Y mientras se moría se robaba desaforadamente, pues los millones de
dólares seguía entrando por chorros, aumentó algo el barril de petróleo,
se estableció un control de cambio,... la devaluación crecía sin control
cada día, la inflación era la mayor en décadas, los paros y huelgas se
hicieron costumbre y el doctor Caldera en sus penumbras de ensueños le
entregó su alma a Petkoff y a Pompeyo:: “ustedes son mis hijos necesarios,
porque los que tengo me han salido idiotas...”.

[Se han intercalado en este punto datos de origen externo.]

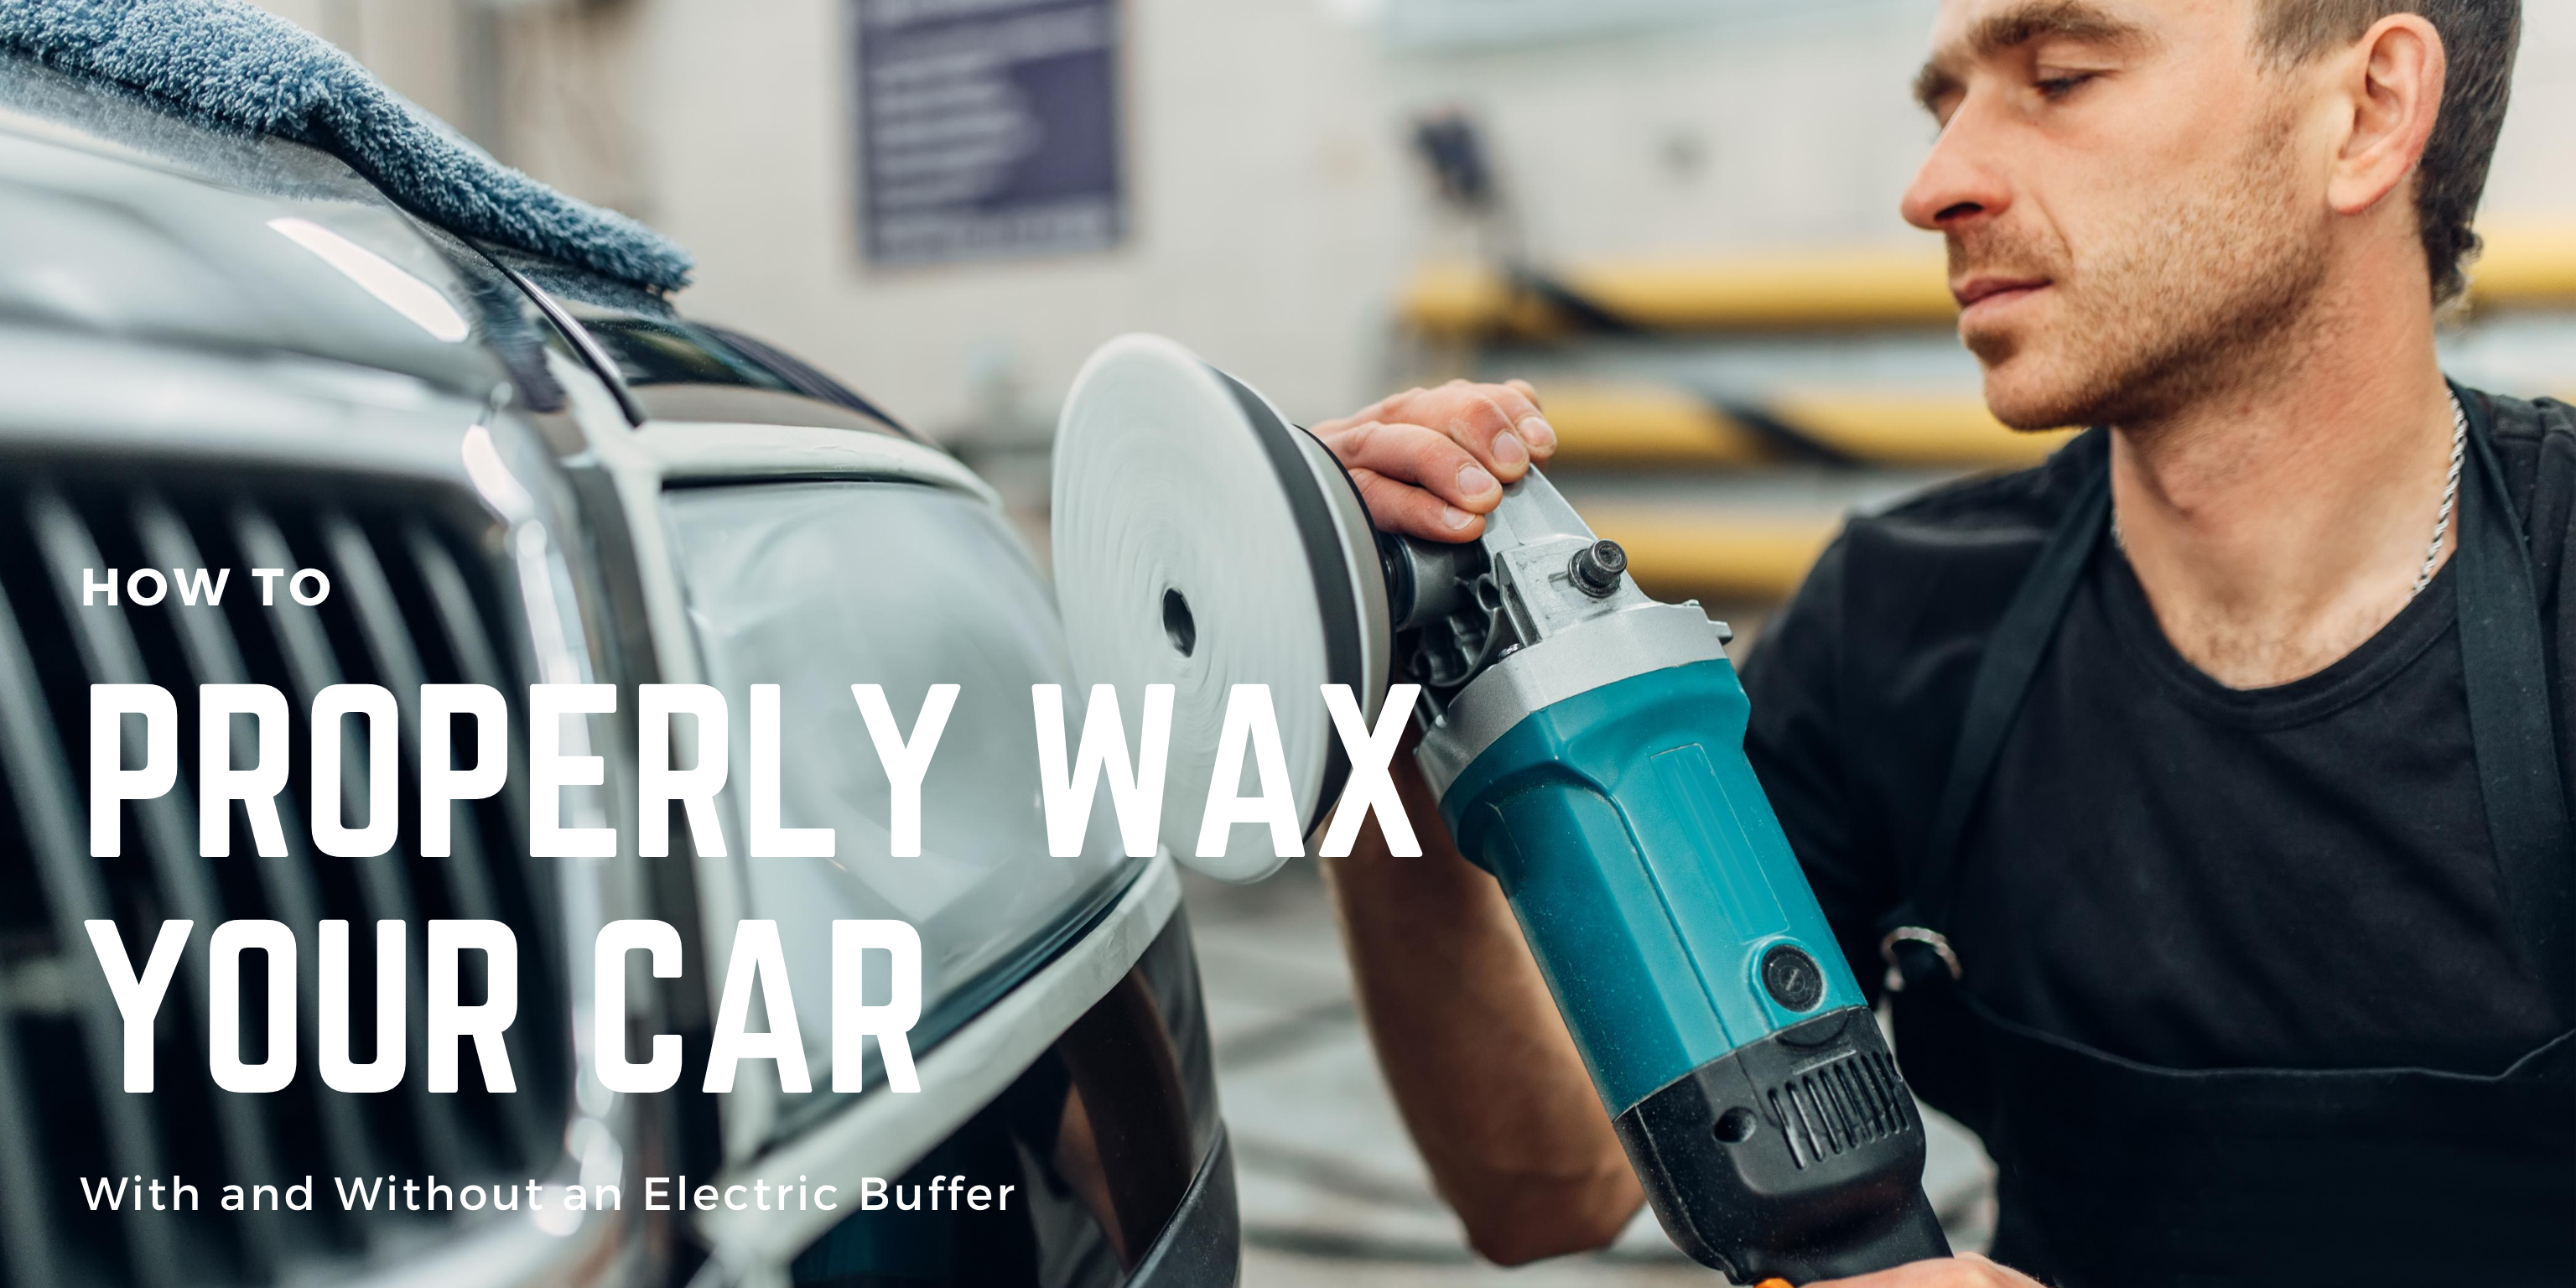 Do You Know How to Properly Wax a Car With and Without an Electric Buffer?
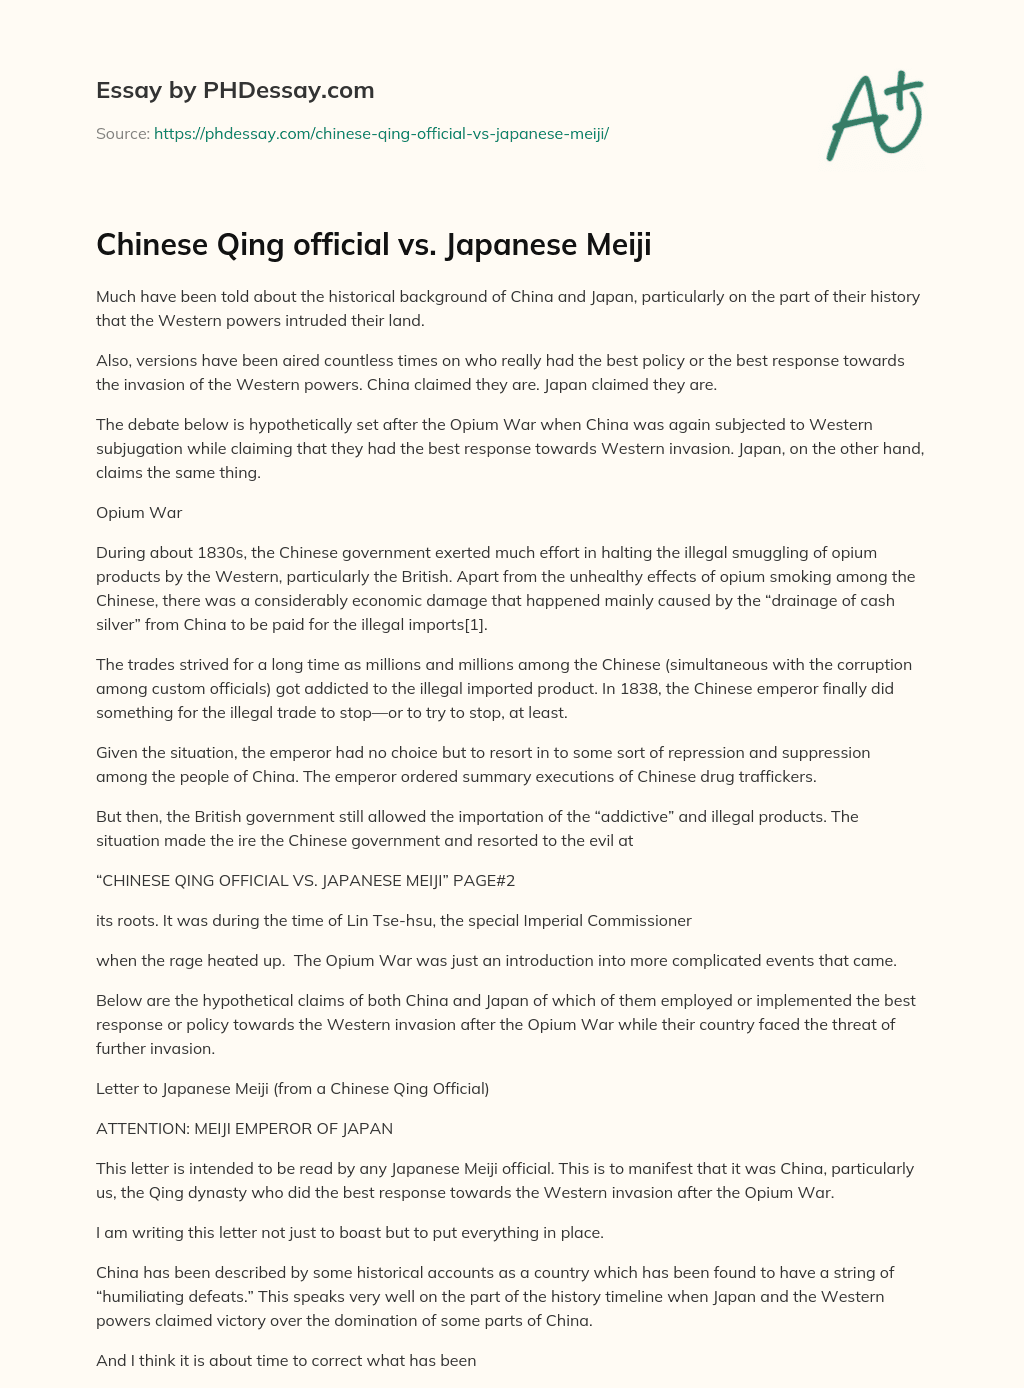 Chinese Qing official  vs. Japanese Meiji essay

Como nos llevaba el diablo, propuso el Presidente que se trajera al Papa,
y así nos consoláramos un poco en medio de tantas penurias. Nos trajeron
al Papa con el señuelo de que su figura nos mejoraría, pero diez años
atrás, con Lusinchi, ya había estado con nosotros y entonces todo siguió
empeorado, degradándose. Estaba claro que nuestro mal no era asunto que
pudiese mejorar un Papa. Ni Cristo mismo hubiese podido hacer algo por
nosotros. ¿Qué nos importaba que beatificasen o no al doctor José Gregorio
Hernández que era lo que más entonces se pedía, si el único milagro
verdadero y tangible era el de que se pudiese encontrar trabajo, y aquí no
había sino huelgas, paros, anarquía, inseguridad y desorden, y como
Presidente teníamos a un hombre totalmente momificado en Miraflores. Un
milagro del Papa, hubiese sido revivir al doctor Caldera, pero a Juan
Pablo II tampoco le interesaba. Él prefería que los muertos siguieran
enterrando a sus muertos.
El Papa se fue, ¿y que quedó?: pues, la mentira de siempre, un calor
sofocante de desesperanzas. El Papa dejó en el aire una dura polémica
porque bendijo tanto a policías como delincuentes, es decir la misma
vaina..
De modo que siguió un ambiente de tumbas, a olor a flores de muertos; la
gris sensación de inutilidad en las protestas; el vaho perenne de la vejez
en todos los ojos y en todas las voces, pues la imaginación para luchar se
había perdido entre brutales divagaciones y escándalos. Todos
repentinamente teníamos la misma edad del doctor Caldera. Nos pesaban los
pensamientos, los pies, los brazos, las ideas; balbuceábamos como unos
decrépitos ancianos repitiendo las mismas cosas sin poder hacer nada. ¡Qué
tufo, Dios mío, y eso fue apenas hace diez años!